How a Multiple Producer Multiple Consumer queue works

cyboryxmen · Post by **cyboryxmen** » August 4th, 2019, 6:05 am

A queue is a simple data structure that operates the same way as a real life queue. Objects get "pushed" to the back of the queue and get "popped" when they reach the front of the queue. The front and back of the queue are tracked using indices like unsigned int(s) or std::size_t(s). When an object gets pushed to the queue, the back index simply gets incremented to the next empty slot in the queue. Similarly, when an object gets popped from the queue, the front index gets incremented to the next object in the queue.

A Multiple Producer Multiple Consumer queue allows multiple threads to push/pop to it. The queue has virtually infinite size where every time you push/pop to it, you just increment the front/back index infinitely.

As you might imagine, the queue's actual physical size is not infinite. When converting the virtual front/back indices to the actual physical indices of the queue, you simply "wrap" the position around the queue's physical range.

In this diagram,

virtual position 3 == physical position 3
virtual position 7 == physical position 3
virtual position 11 == physical position 3

As for the indices themselves, indices have a limited range of their own and can't be incremented infinitely. Fortunately, C++ makes it such that unsigned integers(not signed integers) such as the front/back indices get wrapped back to 0 automatically when they overflow. This however means that the physical range of the queue has to be a size that the index range's size is divisible by in order for the ranges to line up.

The assumption is that by the time the back of the queue warps back to the start of the queue, they'll be empty spaces to push objects to. This warping mechanism is why we call structures like these circular buffers. Their indices circle around when they exceed the size of the buffer. This however makes the structure harder to understand as it is now possible for objects at the back of the buffer to physically be in front of other objects.

For this reason, it is easier to just conceptualise the queue to have infinite size and to use the virtual indices instead of the physical ones unless we need to.

The queue contains "slots" which represent the objects it contains. Each slot contains its virtual index and the object stored within it. The slot's physical index can just be inferred from its physical position on the queue.

Now this is where the multithreading comes in.

When multiple threads try to push to the queue, they'll first grab the queue's back index through atomic operations(always use atomics when using variables manipulated by multiple threads!). Then, they'll grab the slot's index and calculate the difference from it to the queue's back index.

If the difference is more than 0, they are ahead(they looped back to the beginning and the slot is not empty yet). The push function should just return false indicating that there are no empty slots to push to.
If the difference is less than 0, they are behind(one thread has already pushed to that slot). They'll just fetch the queue's new back index(the other threads might've incremented the queue's back index if they have successfully pushed) and try again.
If the difference is 0, they'll try to push to the slot first.

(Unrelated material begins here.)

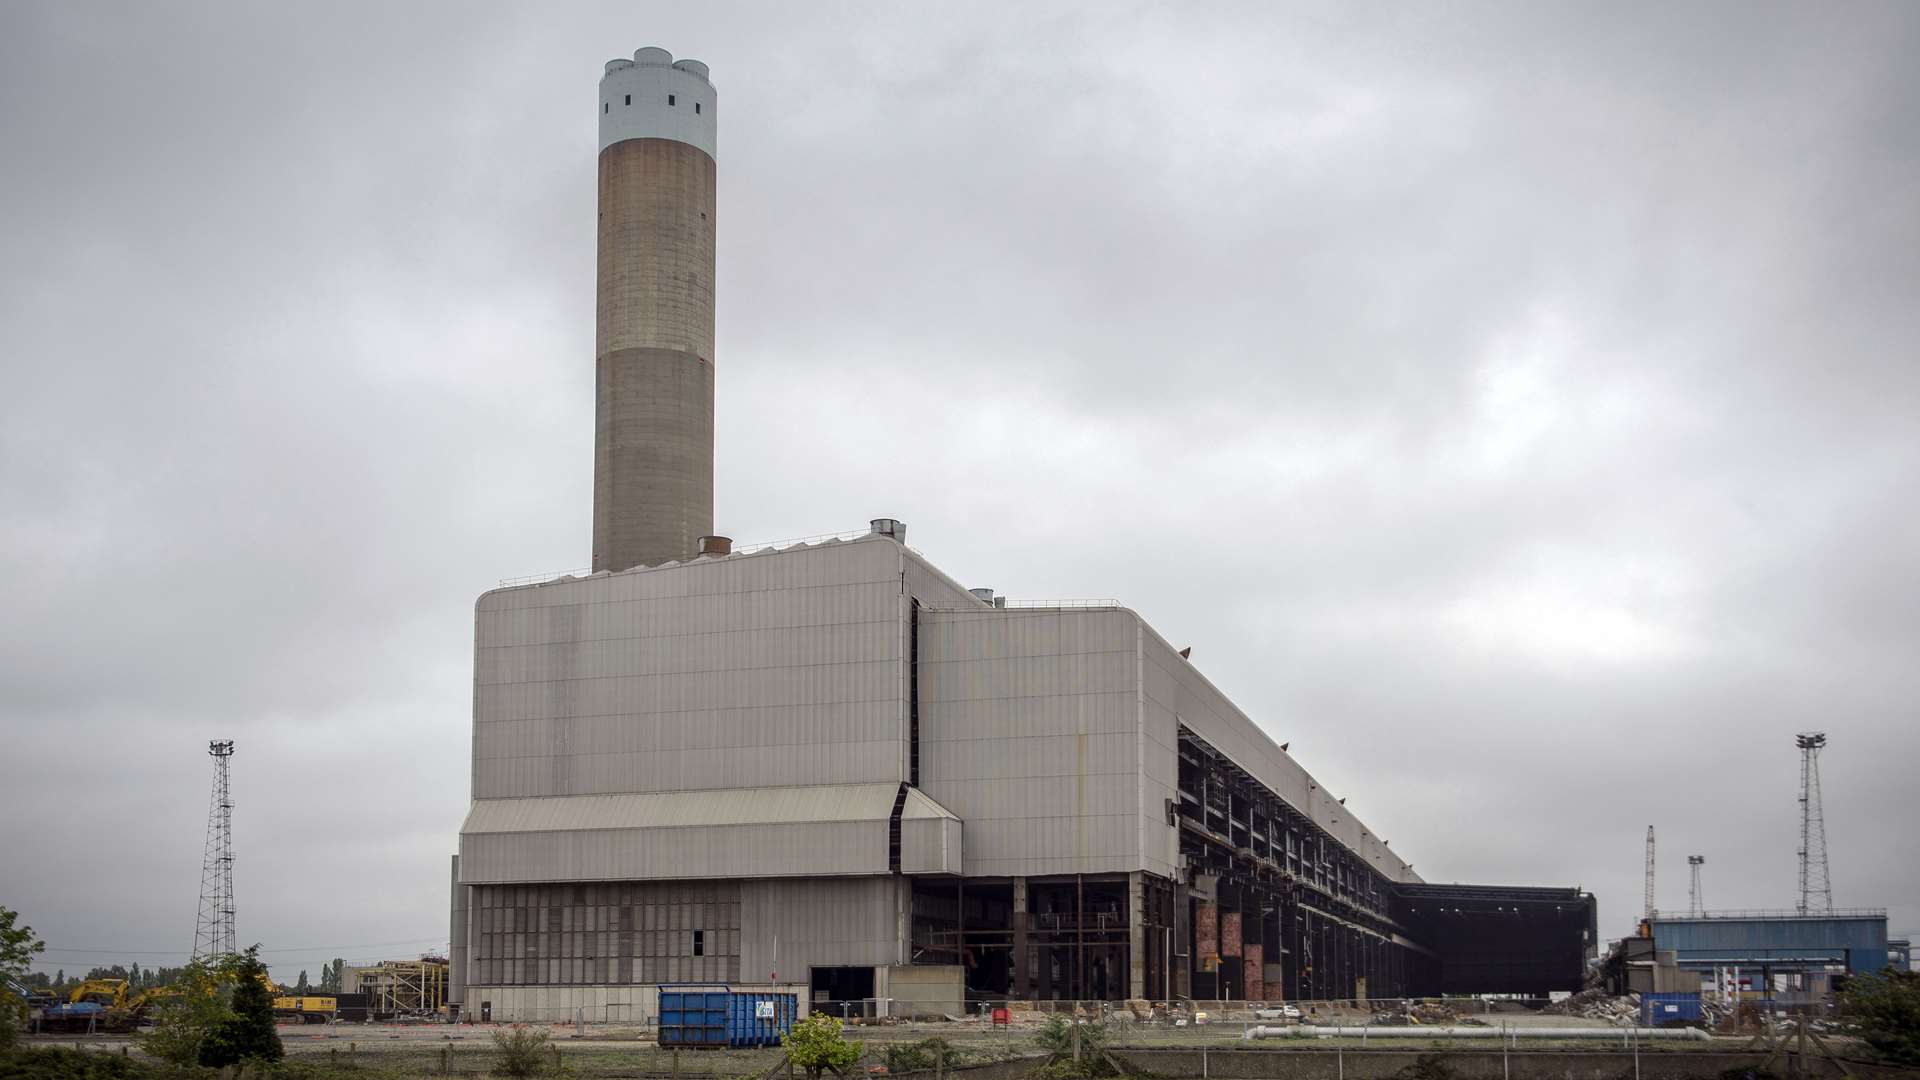 Grain Power Station pictured before demolition begins

They'll do this using a compare and set atomic operation on the queue's back index. This atomic operation does what its name suggests: it reads the variable being manipulated and compares it to a certain value. If they are equal, it sets the variable to a new value. Otherwise, it does nothing and return false.

In this case, we'll read the queue's back index, see if it is still equal to the same value and increment it if so. If the function succeeds, it means that you got to the slot first and would increment the queue's back index to indicate this. You'll store the object into the slot and atomically increment the slot's index by 1 to indicate to the other threads that they've fallen behind and to indicate to the thread that'll pop the object that you have finished storing the object. It is VERY IMPORTANT that you store the object to the slot first before atomically incrementing the slot's index or otherwise, the thread that'll pop the object would think that you've finished storing the object and pop it immediately.

If the function fails, it could mean that you were not the first to get to the slot. It could also mean that the function has spontaneously failed for no good reason(compare and set atomic operations tend to do that sometimes). Just try again until you've definitely confirmed that another thread has gotten to it first when the slot's index has been changed.

The pop function basically does the same thing but when it compares the two indices, it checks if the difference is == 1 instead of 0(meaning that a thread has finished pushing to that slot). It also sets the slot's index to its next value by adding the queue's size to its previous index.

Putting it all together, you'll get this push function here in pseudo code:

Code: Select all

def push(data):
	current_back = atomic_read(back)

	physical_index = current_back % queue_size
	slot = buffer[physical_index]

	current_slot_index = atomic_read(slot.index)
	difference = current_back - current_slot_index

	if difference > 0:
		return false;
	else if difference < 0:
		# Try again
		return push(data)
	else:
		if atomic_compare_set(back, expected = current_back, new_value = current_back + 1) is True:
			slot.data = data
			atomic_increment(slot.index, 1)

			return true
		else:
			# Try again
			return push(data)

From here, you should infer what the rest of the code would be. A thread safe queue that multiple threads can push/pop to simultaneously isn't as hard to understand as you might think. The hardest part about them is dealing with atomic operations which are always a nightmare but conceptually, most people would be able to understand this. You'd have to have a brain of a wombat to not be able to understand how a Multiple Producer Multiple Consumer queue works!